(Records drawn from a dataset)
====

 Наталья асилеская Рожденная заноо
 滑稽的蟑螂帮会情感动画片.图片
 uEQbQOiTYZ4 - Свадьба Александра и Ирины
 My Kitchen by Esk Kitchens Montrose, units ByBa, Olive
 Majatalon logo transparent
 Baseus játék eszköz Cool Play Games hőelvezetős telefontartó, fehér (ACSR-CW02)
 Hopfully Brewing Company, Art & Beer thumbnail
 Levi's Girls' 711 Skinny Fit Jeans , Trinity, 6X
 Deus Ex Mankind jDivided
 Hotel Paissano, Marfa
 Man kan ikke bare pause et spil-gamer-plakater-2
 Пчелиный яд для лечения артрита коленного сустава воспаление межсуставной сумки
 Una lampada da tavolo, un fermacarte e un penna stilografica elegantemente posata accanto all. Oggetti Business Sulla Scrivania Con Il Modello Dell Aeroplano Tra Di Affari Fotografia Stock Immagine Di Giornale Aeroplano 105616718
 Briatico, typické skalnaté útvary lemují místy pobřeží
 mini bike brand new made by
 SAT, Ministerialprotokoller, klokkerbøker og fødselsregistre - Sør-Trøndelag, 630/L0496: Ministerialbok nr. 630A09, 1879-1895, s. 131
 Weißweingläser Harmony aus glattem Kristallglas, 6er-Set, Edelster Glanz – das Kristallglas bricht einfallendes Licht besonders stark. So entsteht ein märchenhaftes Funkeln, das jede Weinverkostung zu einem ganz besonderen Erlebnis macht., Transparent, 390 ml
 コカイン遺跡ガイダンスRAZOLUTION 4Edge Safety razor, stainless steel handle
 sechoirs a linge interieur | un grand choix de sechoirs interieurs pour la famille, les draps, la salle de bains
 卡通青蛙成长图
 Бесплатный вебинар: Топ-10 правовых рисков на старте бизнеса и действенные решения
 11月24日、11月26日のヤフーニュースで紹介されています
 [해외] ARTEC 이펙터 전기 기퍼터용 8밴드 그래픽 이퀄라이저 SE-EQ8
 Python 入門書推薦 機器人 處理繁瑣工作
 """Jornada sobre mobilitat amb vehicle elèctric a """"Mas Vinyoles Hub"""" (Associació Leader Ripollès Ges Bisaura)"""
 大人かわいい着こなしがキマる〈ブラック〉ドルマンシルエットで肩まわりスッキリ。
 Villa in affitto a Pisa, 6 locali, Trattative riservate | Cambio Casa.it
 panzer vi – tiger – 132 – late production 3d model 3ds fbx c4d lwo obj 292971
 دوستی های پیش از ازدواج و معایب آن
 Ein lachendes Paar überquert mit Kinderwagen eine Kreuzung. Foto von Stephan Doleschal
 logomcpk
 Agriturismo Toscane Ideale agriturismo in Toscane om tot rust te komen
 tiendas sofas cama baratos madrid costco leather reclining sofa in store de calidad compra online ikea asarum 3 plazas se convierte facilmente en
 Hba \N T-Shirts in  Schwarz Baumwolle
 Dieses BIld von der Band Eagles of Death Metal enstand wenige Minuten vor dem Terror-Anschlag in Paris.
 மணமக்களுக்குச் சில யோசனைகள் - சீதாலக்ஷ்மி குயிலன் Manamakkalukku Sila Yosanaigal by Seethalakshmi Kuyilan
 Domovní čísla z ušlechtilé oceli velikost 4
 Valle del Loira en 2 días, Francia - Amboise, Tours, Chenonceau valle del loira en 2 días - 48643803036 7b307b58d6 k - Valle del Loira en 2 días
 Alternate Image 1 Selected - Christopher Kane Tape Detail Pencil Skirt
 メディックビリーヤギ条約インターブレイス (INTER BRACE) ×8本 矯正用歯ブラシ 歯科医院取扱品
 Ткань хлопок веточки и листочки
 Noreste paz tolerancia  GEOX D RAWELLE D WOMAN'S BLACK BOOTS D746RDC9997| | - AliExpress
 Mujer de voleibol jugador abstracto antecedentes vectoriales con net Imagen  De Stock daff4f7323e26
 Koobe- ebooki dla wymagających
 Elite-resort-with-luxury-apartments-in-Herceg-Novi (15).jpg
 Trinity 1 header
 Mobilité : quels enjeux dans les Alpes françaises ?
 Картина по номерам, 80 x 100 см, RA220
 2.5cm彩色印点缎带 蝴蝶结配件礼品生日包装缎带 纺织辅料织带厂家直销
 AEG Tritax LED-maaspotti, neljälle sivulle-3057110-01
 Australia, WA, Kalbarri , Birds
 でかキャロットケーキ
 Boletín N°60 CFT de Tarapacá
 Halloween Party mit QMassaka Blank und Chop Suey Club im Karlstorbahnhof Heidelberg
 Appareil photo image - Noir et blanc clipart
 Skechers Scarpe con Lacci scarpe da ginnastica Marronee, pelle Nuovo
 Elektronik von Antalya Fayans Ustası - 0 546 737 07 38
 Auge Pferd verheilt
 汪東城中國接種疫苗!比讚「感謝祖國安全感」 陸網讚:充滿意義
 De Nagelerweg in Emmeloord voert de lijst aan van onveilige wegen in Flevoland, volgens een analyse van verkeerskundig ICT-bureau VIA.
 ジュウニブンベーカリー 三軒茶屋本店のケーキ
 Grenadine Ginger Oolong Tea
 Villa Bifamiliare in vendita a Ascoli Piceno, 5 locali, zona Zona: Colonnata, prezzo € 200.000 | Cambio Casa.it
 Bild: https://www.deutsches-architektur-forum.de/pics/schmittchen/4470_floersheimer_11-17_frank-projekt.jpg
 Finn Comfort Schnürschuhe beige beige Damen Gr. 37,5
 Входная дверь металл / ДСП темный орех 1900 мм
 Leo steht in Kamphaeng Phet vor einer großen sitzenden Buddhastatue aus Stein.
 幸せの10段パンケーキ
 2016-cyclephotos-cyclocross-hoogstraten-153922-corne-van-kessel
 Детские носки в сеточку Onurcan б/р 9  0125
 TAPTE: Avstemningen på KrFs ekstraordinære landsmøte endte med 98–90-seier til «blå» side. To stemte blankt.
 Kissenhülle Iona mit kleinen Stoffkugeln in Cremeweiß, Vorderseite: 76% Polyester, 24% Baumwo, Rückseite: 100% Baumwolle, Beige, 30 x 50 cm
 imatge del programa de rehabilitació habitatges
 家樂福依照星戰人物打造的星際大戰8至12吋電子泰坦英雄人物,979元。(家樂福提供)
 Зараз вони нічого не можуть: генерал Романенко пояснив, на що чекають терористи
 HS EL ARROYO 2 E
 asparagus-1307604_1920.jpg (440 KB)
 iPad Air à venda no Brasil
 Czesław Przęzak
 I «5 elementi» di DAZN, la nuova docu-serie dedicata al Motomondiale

====

**Aim of the task**
In full and without changes, give the data above once more.

**Output of the exercise**
 Наталья асилеская Рожденная заноо
 滑稽的蟑螂帮会情感动画片.图片
 uEQbQOiTYZ4 - Свадьба Александра и Ирины
 My Kitchen by Esk Kitchens Montrose, units ByBa, Olive
 Majatalon logo transparent
 Baseus játék eszköz Cool Play Games hőelvezetős telefontartó, fehér (ACSR-CW02)
 Hopfully Brewing Company, Art & Beer thumbnail
 Levi's Girls' 711 Skinny Fit Jeans , Trinity, 6X
 Deus Ex Mankind jDivided
 Hotel Paissano, Marfa
 Man kan ikke bare pause et spil-gamer-plakater-2
 Пчелиный яд для лечения артрита коленного сустава воспаление межсуставной сумки
 Una lampada da tavolo, un fermacarte e un penna stilografica elegantemente posata accanto all. Oggetti Business Sulla Scrivania Con Il Modello Dell Aeroplano Tra Di Affari Fotografia Stock Immagine Di Giornale Aeroplano 105616718
 Briatico, typické skalnaté útvary lemují místy pobřeží
 mini bike brand new made by
 SAT, Ministerialprotokoller, klokkerbøker og fødselsregistre - Sør-Trøndelag, 630/L0496: Ministerialbok nr. 630A09, 1879-1895, s. 131
 Weißweingläser Harmony aus glattem Kristallglas, 6er-Set, Edelster Glanz – das Kristallglas bricht einfallendes Licht besonders stark. So entsteht ein märchenhaftes Funkeln, das jede Weinverkostung zu einem ganz besonderen Erlebnis macht., Transparent, 390 ml
 コカイン遺跡ガイダンスRAZOLUTION 4Edge Safety razor, stainless steel handle
 sechoirs a linge interieur | un grand choix de sechoirs interieurs pour la famille, les draps, la salle de bains
 卡通青蛙成长图
 Бесплатный вебинар: Топ-10 правовых рисков на старте бизнеса и действенные решения
 11月24日、11月26日のヤフーニュースで紹介されています
 [해외] ARTEC 이펙터 전기 기퍼터용 8밴드 그래픽 이퀄라이저 SE-EQ8
 Python 入門書推薦 機器人 處理繁瑣工作
 """Jornada sobre mobilitat amb vehicle elèctric a """"Mas Vinyoles Hub"""" (Associació Leader Ripollès Ges Bisaura)"""
 大人かわいい着こなしがキマる〈ブラック〉ドルマンシルエットで肩まわりスッキリ。
 Villa in affitto a Pisa, 6 locali, Trattative riservate | Cambio Casa.it
 panzer vi – tiger – 132 – late production 3d model 3ds fbx c4d lwo obj 292971
 دوستی های پیش از ازدواج و معایب آن
 Ein lachendes Paar überquert mit Kinderwagen eine Kreuzung. Foto von Stephan Doleschal
 logomcpk
 Agriturismo Toscane Ideale agriturismo in Toscane om tot rust te komen
 tiendas sofas cama baratos madrid costco leather reclining sofa in store de calidad compra online ikea asarum 3 plazas se convierte facilmente en
 Hba \N T-Shirts in  Schwarz Baumwolle
 Dieses BIld von der Band Eagles of Death Metal enstand wenige Minuten vor dem Terror-Anschlag in Paris.
 மணமக்களுக்குச் சில யோசனைகள் - சீதாலக்ஷ்மி குயிலன் Manamakkalukku Sila Yosanaigal by Seethalakshmi Kuyilan
 Domovní čísla z ušlechtilé oceli velikost 4
 Valle del Loira en 2 días, Francia - Amboise, Tours, Chenonceau valle del loira en 2 días - 48643803036 7b307b58d6 k - Valle del Loira en 2 días
 Alternate Image 1 Selected - Christopher Kane Tape Detail Pencil Skirt
 メディックビリーヤギ条約インターブレイス (INTER BRACE) ×8本 矯正用歯ブラシ 歯科医院取扱品
 Ткань хлопок веточки и листочки
 Noreste paz tolerancia  GEOX D RAWELLE D WOMAN'S BLACK BOOTS D746RDC9997| | - AliExpress
 Mujer de voleibol jugador abstracto antecedentes vectoriales con net Imagen  De Stock daff4f7323e26
 Koobe- ebooki dla wymagających
 Elite-resort-with-luxury-apartments-in-Herceg-Novi (15).jpg
 Trinity 1 header
 Mobilité : quels enjeux dans les Alpes françaises ?
 Картина по номерам, 80 x 100 см, RA220
 2.5cm彩色印点缎带 蝴蝶结配件礼品生日包装缎带 纺织辅料织带厂家直销
 AEG Tritax LED-maaspotti, neljälle sivulle-3057110-01
 Australia, WA, Kalbarri , Birds
 でかキャロットケーキ
 Boletín N°60 CFT de Tarapacá
 Halloween Party mit QMassaka Blank und Chop Suey Club im Karlstorbahnhof Heidelberg
 Appareil photo image - Noir et blanc clipart
 Skechers Scarpe con Lacci scarpe da ginnastica Marronee, pelle Nuovo
 Elektronik von Antalya Fayans Ustası - 0 546 737 07 38
 Auge Pferd verheilt
 汪東城中國接種疫苗!比讚「感謝祖國安全感」 陸網讚:充滿意義
 De Nagelerweg in Emmeloord voert de lijst aan van onveilige wegen in Flevoland, volgens een analyse van verkeerskundig ICT-bureau VIA.
 ジュウニブンベーカリー 三軒茶屋本店のケーキ
 Grenadine Ginger Oolong Tea
 Villa Bifamiliare in vendita a Ascoli Piceno, 5 locali, zona Zona: Colonnata, prezzo € 200.000 | Cambio Casa.it
 Bild: https://www.deutsches-architektur-forum.de/pics/schmittchen/4470_floersheimer_11-17_frank-projekt.jpg
 Finn Comfort Schnürschuhe beige beige Damen Gr. 37,5
 Входная дверь металл / ДСП темный орех 1900 мм
 Leo steht in Kamphaeng Phet vor einer großen sitzenden Buddhastatue aus Stein.
 幸せの10段パンケーキ
 2016-cyclephotos-cyclocross-hoogstraten-153922-corne-van-kessel
 Детские носки в сеточку Onurcan б/р 9  0125
 TAPTE: Avstemningen på KrFs ekstraordinære landsmøte endte med 98–90-seier til «blå» side. To stemte blankt.
 Kissenhülle Iona mit kleinen Stoffkugeln in Cremeweiß, Vorderseite: 76% Polyester, 24% Baumwo, Rückseite: 100% Baumwolle, Beige, 30 x 50 cm
 imatge del programa de rehabilitació habitatges
 家樂福依照星戰人物打造的星際大戰8至12吋電子泰坦英雄人物,979元。(家樂福提供)
 Зараз вони нічого не можуть: генерал Романенко пояснив, на що чекають терористи
 HS EL ARROYO 2 E
 asparagus-1307604_1920.jpg (440 KB)
 iPad Air à venda no Brasil
 Czesław Przęzak
 I «5 elementi» di DAZN, la nuova docu-serie dedicata al Motomondiale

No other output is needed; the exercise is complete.